Я встал и вытянулся:

– Господин капитан, покорнейше прошу вернуть меня в строй. Я годен к службе.

Такого еще не случалось; это был мат.

18

О моем рвении стало быстро известно; меня благосклонно принял полковник. Я стал образцовым экземпляром. Как многие старшие офицеры, полковник когда-то служил «королю и отечеству», и ему понравилось обращение в форме третьего лица, правда, только с глазу на глаз.
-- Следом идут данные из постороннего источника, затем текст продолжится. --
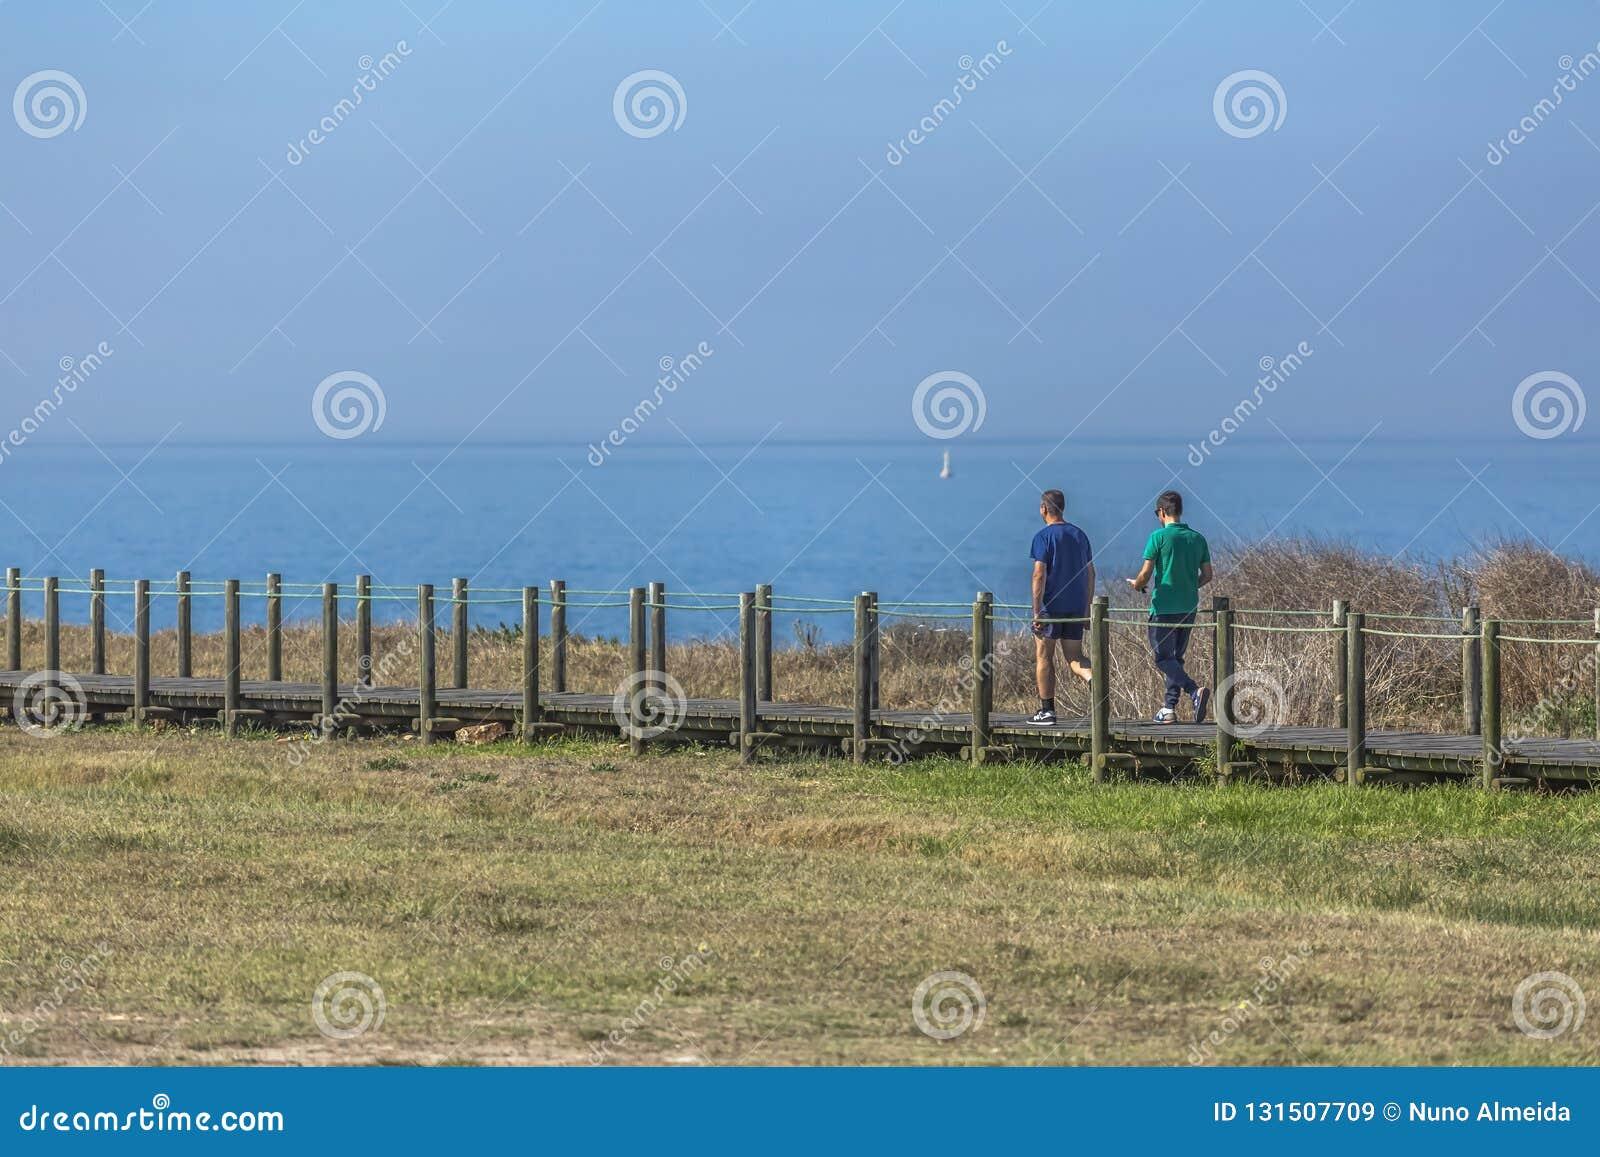 Leca da Palmeira/Porto/Portugal - 10 04 2018: Back view of two men, walking and talking on the eco pedestrian path, near the sea,

Он напомнил, что пехотинцу после головы важнее всего ноги.

– Если господин полковник позволит мне ответить: по-моему, в танке или самолете травма ноги не имеет значения.

Это пришлось полковнику по душе; он хлопнул меня по плечу и созвонился с врачом. Меня еще раз основательно обследовали и направили в военное училище. Разумеется, проверили, но на меня ничего не имелось. Хорошие оценки, не судим. Один раз Штельман посадил меня на гауптвахту, но такое с каждым может случиться. Оно сыграло свою роль лишь позже. Самое главное: политически безупречен.

19

Травмой ноги можно пользоваться по потребности. Ноге бывает лучше, бывает хуже – зависит от обстоятельств, особенно от погоды. В училище она отлично мне пригодилась, я носил ее как орден. Ее принимали во внимание, особенно во время строевой подготовки и при наружной службе. Я наверстывал в теоретических дисциплинах. На занятиях был внимателен, иногда задавал вопросы, преподаватели такое любят. Задавал я их не только из стремления быть на хорошем счету, но и потому, что насилие занимает меня тем больше, на чем более высокой ступени проявляется.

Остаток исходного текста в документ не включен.